Andreas Scholl and Tamar Halperin: "The Wanderer"
Songs by Mozart, Haydn, Schubert and Brahms. Texts and translations. Decca 478 4696
A countertenor in lieder? Andreas Scholl quickly banishes the notion that the effort is a mere gimmick. His musicality and good taste are clear in every selection. His treatment of the German language is exemplary, the text emerging clearly but unemphatically. He sings this repertoire without rhetorical underlining, words and melody emerging in as direct, uncluttered a manner as conceivable. The manner is almost childlike — an impression buttressed by the voice's resemblance to a boy's treble.
Scholl has cannily assembled repertoire that benefits from his artfully simple approach. Most of the selections are strophic, with their roots in folk song; indeed, five of the selections come from Brahms's collection of Deutsche Volkslieder. The songs tend toward melancholy and introspection, an emotional territory befitting Scholl's slender instrument, and none of them call for the kind of declamatory emphasis that might overtax his vocal resources.
Nonetheless, I did not find myself entirely won over to the project. Take the opening selection, Brahms's "In stiller Nacht." The piece begins low; here Scholl sounds less like a falsettist than like a high tenor (Ian Bostridge, say),and he sustains the illusion of song as a form of heightened speech. But the song's two four-phrase strophes reach a climax in the third phrase on a tenor's high C. Scholl's sound at this point is not, of course, the chested C of a Rodolfo or a Tonio but a countertenor's falsetto, and it strikes me as more artificial and less expressive than the voce mista he uses at the beginning of the song. The problem continues through the duration of the disc. Scholl's love of the material and his unarguable insight into it cannot compensate for a sound that, because of its remove from a male speaking voice, works against the kind of intimate expression that the genre demands.

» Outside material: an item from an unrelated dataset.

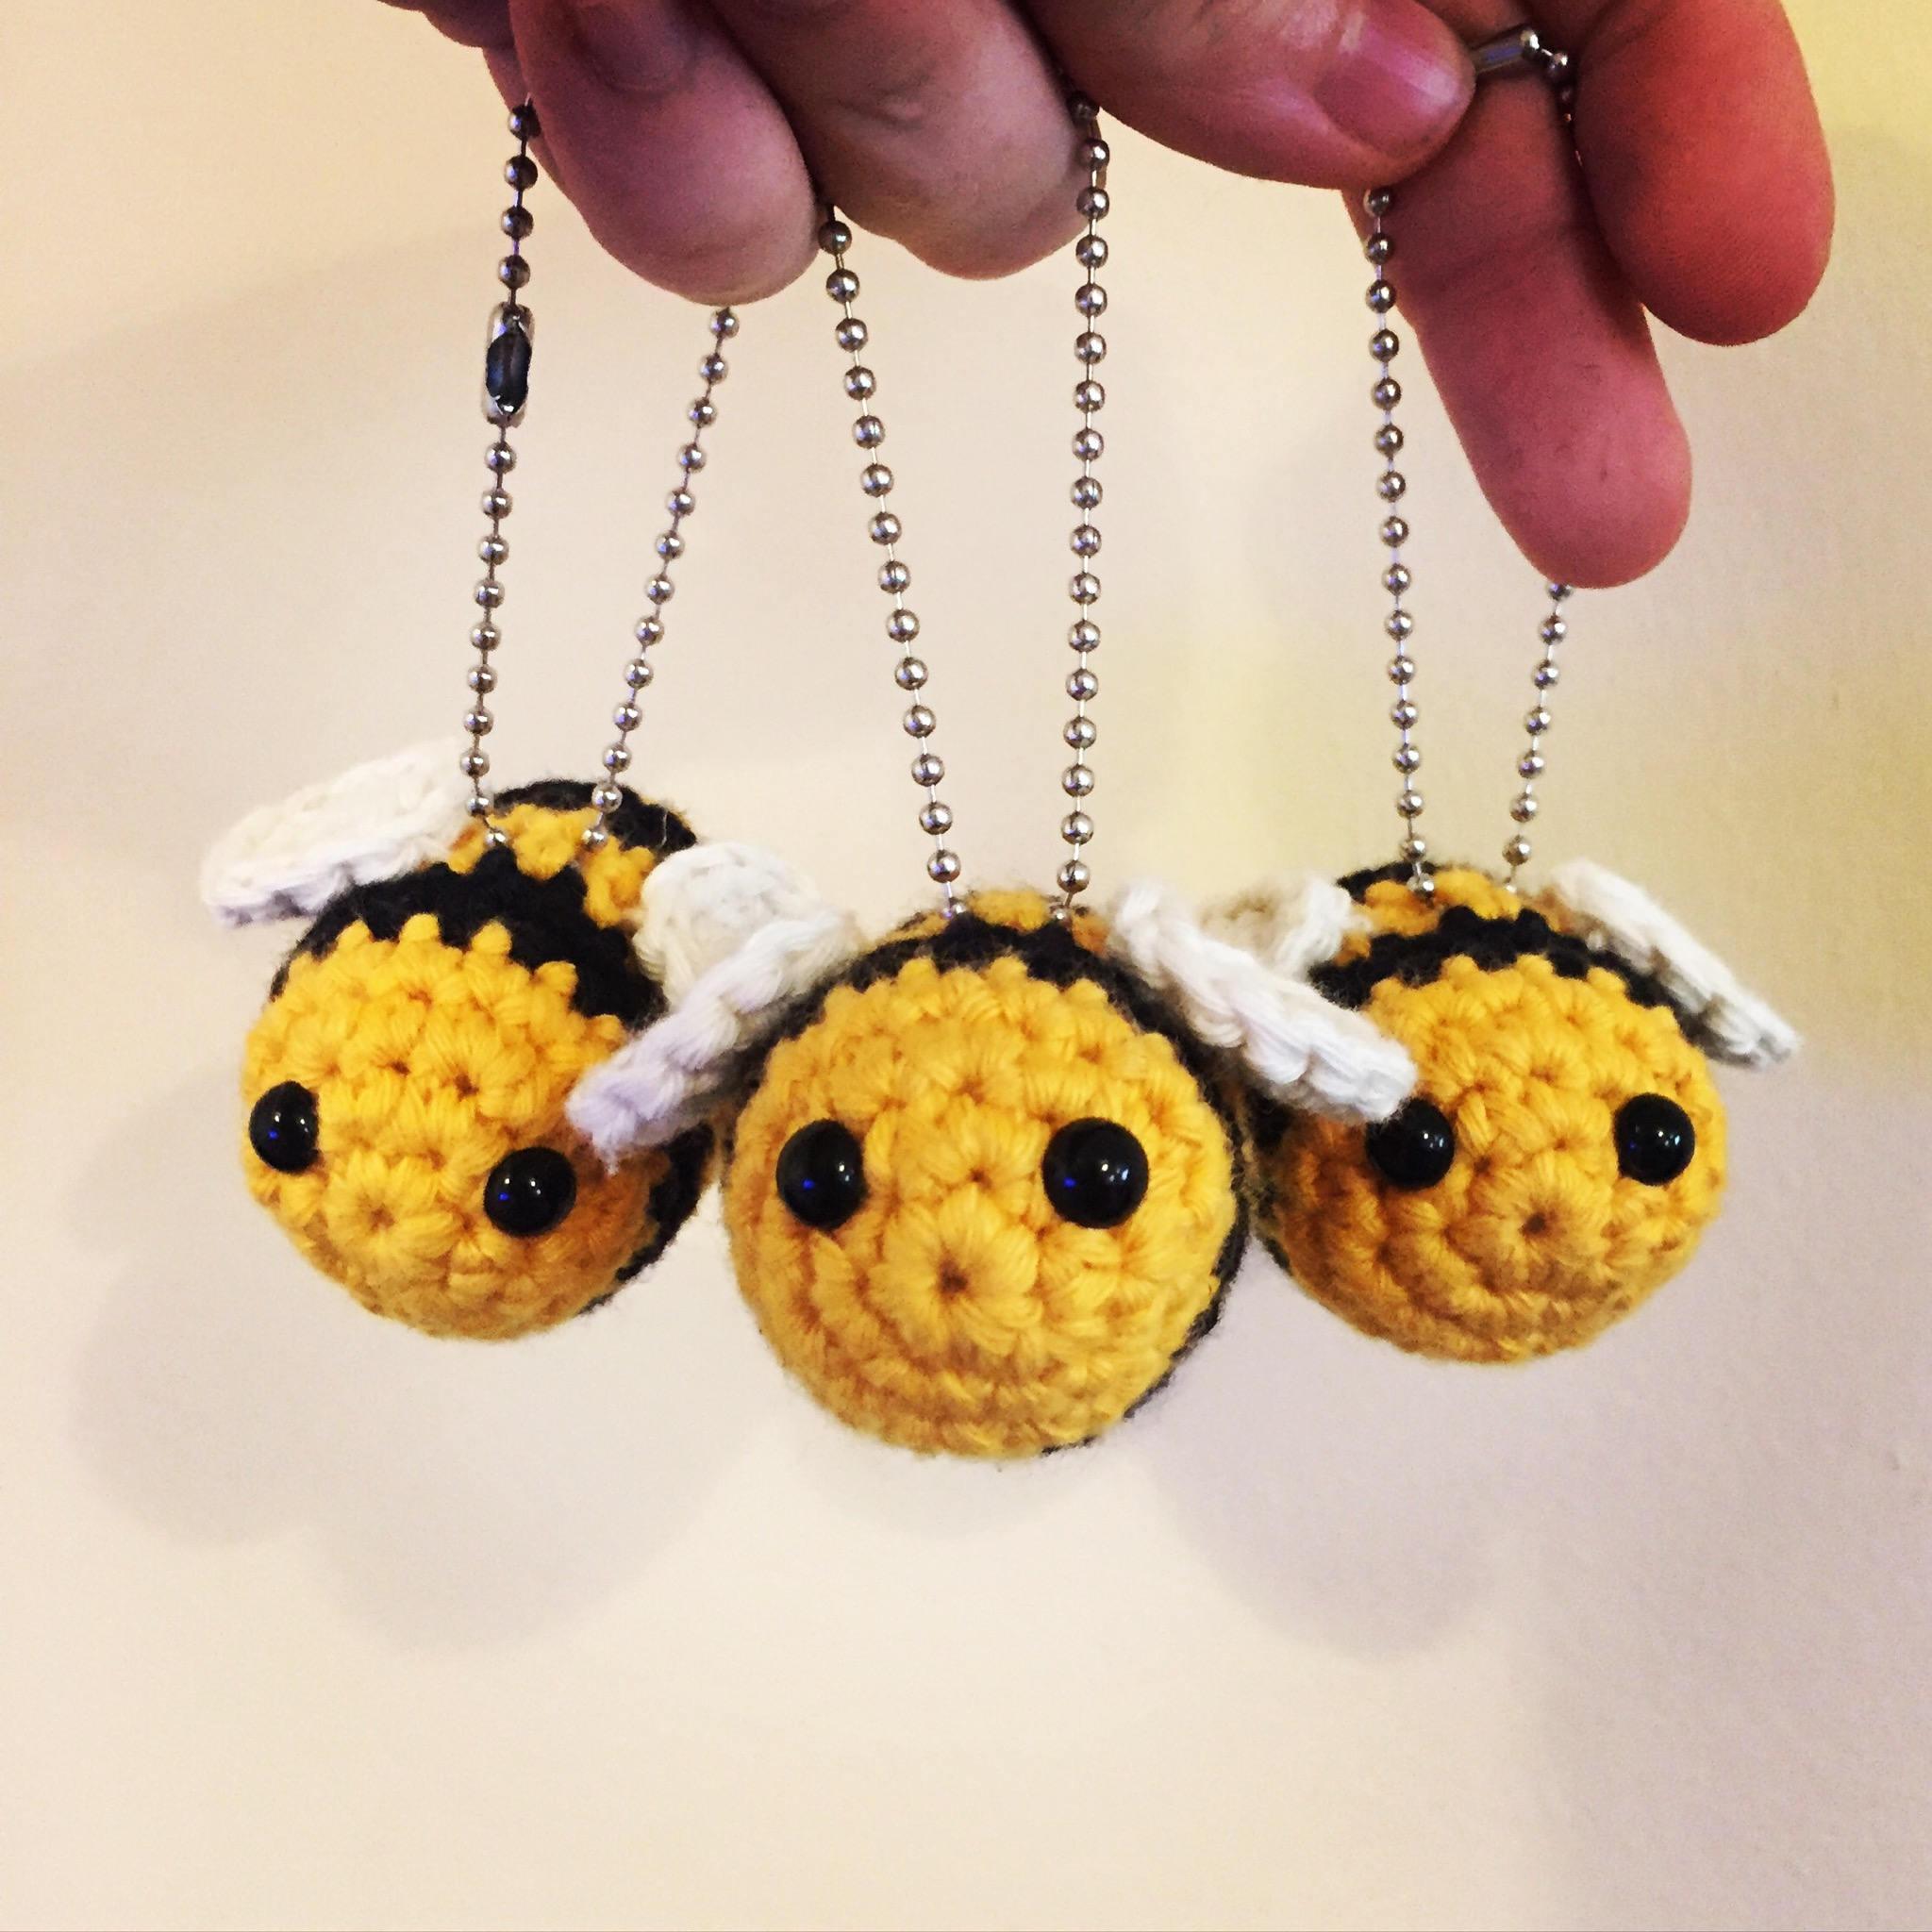 Bumble the bee crochet keychain/key ring pattern. Amigurumi

Furthermore, for all the deftness and sensitivity of his phrasing, the lack of color in Scholl's falsetto proves both an expressive handicap and an impediment to listening pleasure. The problem can be heard at its most extreme in the four short, identical strophes of Brahms's "Da unten im Tale," where Scholl cannot create the contrast in inflections needed to move the song forward. This is a voice that works well within the lush context of a Baroque orchestra, where it functions as one sound among many. But with just a piano as accompaniment (and a rather recessed one, as Decca has engineered it), it quickly reveals its coloristic shortcomings.
The disc includes a handful of Haydn songs in English — with texts by the composer's friend Anne Hunter. Here, Scholl's diction, so convincing in German, turns positively bizarre: it's impossible to follow the texts without crib sheet in hand. Scholl makes a startling interpretive choice in Schubert's "Der Tod und das Mädchen," singing Death's part in his natural voice — an attractive, if fragile, baritone. It's as if the singer were wandering out on a concert stage in shorts and a T-shirt. Tamar Halperin's accompaniment, as indicated, is as much felt as heard, but she is thoroughly in tune with Scholl's unemphatic interpretive manner and sustains the contemplative mood in two piano solos — most beautifully in Brahms's A-major Intermezzo.